Nucleotide repeat expansion mutations cause a variety of genetic disorders including myotonic dystrophy (DM) types 1 and 2, and a large fraction of frontotemporal dementia (FTD) and amyotrophic lateral sclerosis (ALS). We developed a cell-based screen and secondary validation assays to identify small molecules for Dm1. We screened a diverse collection of small molecules and identified 60 novel hit compounds (myotonic dystrophy inhibitors-MDIs) that in secondary assays selectively disperse expanded CUG repeat- containing RNAs prone to form nuclear aggregates and sequester critical RNA-binding proteins in DM1 patient’s derived cells. Significantly, we showed that these compounds also dissipate expanded CCUG repeat-containing RNA foci in DM2 patient’s derived cells, suggesting that they may hold therapeutic potential across distinct GC-rich repeat expansion diseases. Building on the knowledge gained in our DM1 project, we have designed a screening strategy to identify potential small molecule therapeutics for FTD/ALS caused by an hexanucleotide expansion in the C9orf72 gene (C9FTD/ALS). In this project, wepropose to develop, optimize and validate a cell-based assay platform to measure critical molecular parameters of C9FTD/ALS disease. Next, we will use this platform to test whether compounds that affect the stability of toxic CUG RNA foci can disperse expanded G4C2 repeat RNA foci and decrease dipeptide proteins accumulation, two causes of toxicity in C9FTD/ALS patient’s derived cells. Lastly, we will perform a proof-of-concept screen of a diverse custom set of small-molecule compounds to best assess the value and efficacy of our screening platform to identify potential therapeutic agents for C9FTD/ALS. As there is no effective treatment for FTD or ALS, the identification of small molecules of potential therapeutic value offers hope for individuals with these debilitating and fatal diseases.

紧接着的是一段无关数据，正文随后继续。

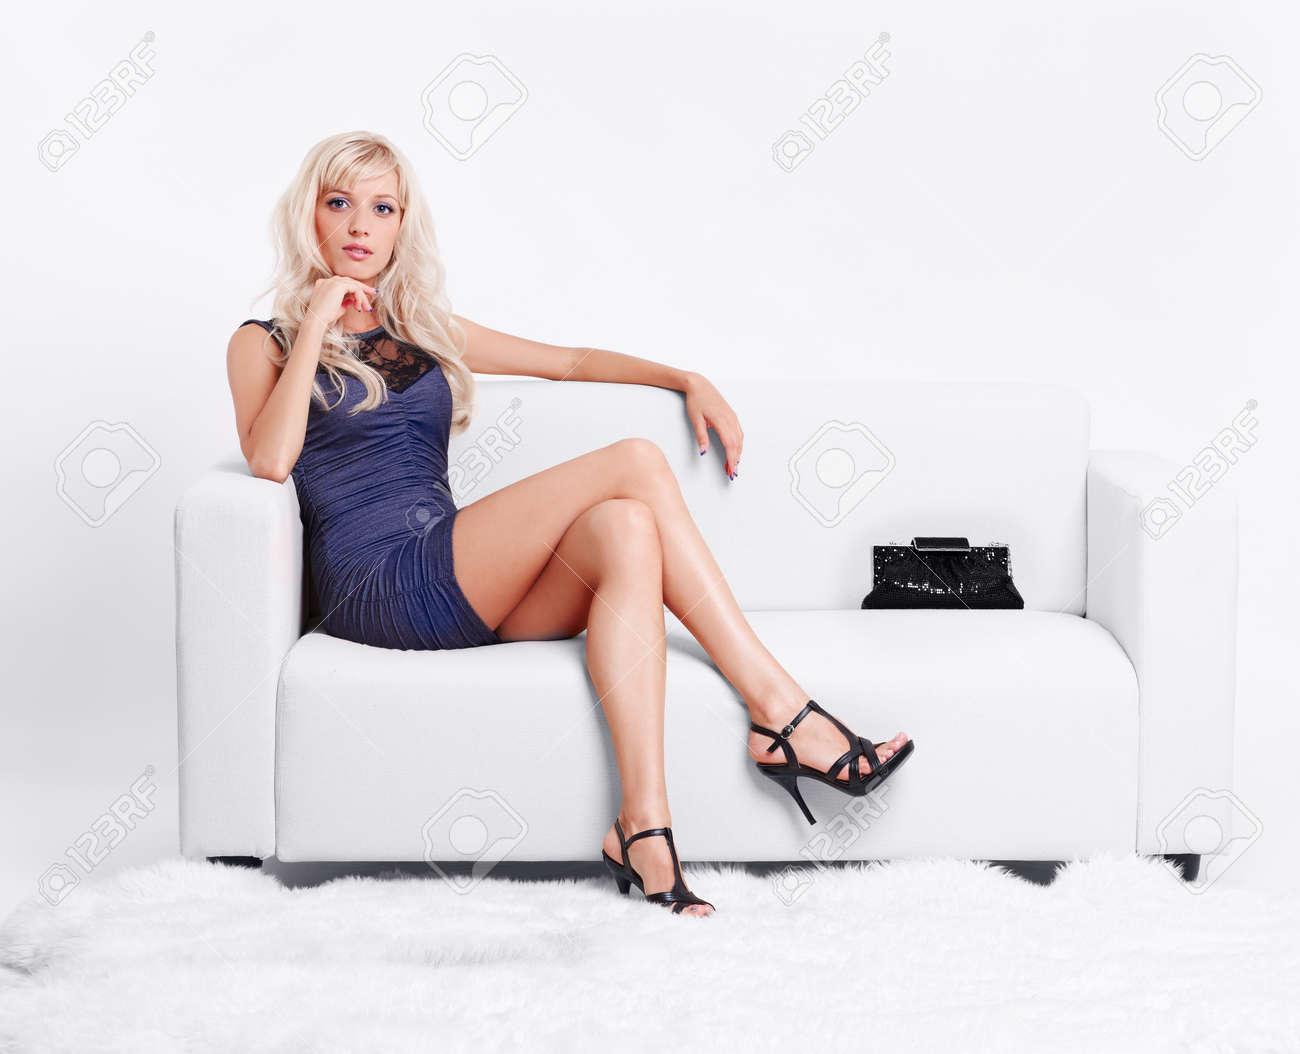 Фото блондинка на белом диване 15 фотография

核苷酸重复序列扩增突变导致多种遗传疾病，包括1型和2型强直性肌营养不良(DM)，以及很大一部分额颞痴呆(FTD)和肌萎缩侧索硬化症(ALS)。我们开发了一种基于细胞的筛选和二次验证分析来识别DM1的小分子。我们筛选了一系列不同的小分子，并确定了60种新的HIT化合物(强直性肌营养不良抑制剂-MDI)，这些化合物在二次检测中选择性地分散易于形成核聚集的扩展的包含CUG重复序列的RNA，并在DM1患者的衍生细胞中隔离关键的RNA结合蛋白。值得注意的是，我们发现这些化合物还分散了DM2患者来源细胞中扩展的CCUG重复序列RNA灶，这表明它们可能具有治疗作用 跨越不同的富含GC的重复扩张性疾病的可能性。以我们在DM1中获得的知识为基础 在这个项目中，我们设计了一种筛选策略，以确定C9orf72基因(c9FTD/ALS)的六核苷酸扩展引起的FTD/ALS的潜在小分子疗法。在这个项目中，我们建议开发、优化和验证一个基于细胞的检测平台来测量C9FTD/ALS疾病的关键分子参数。接下来，我们将利用这一平台来测试影响毒性CUG RNA焦点稳定性的化合物是否可以分散扩大的G4C2重复RNA焦点和减少二肽蛋白质的积累，这是导致C9FTD/ALS患者来源细胞毒性的两个原因。最后，我们将对一组不同的定制小分子化合物进行概念验证筛选，以最好地评估我们筛选平台的价值和有效性，以确定C9FTD/ALS的潜在治疗剂。就像现在一样 FTD或ALS无有效治疗，鉴定具有潜在治疗价值的小分子 为患有这些衰弱和致命疾病的人带来了希望。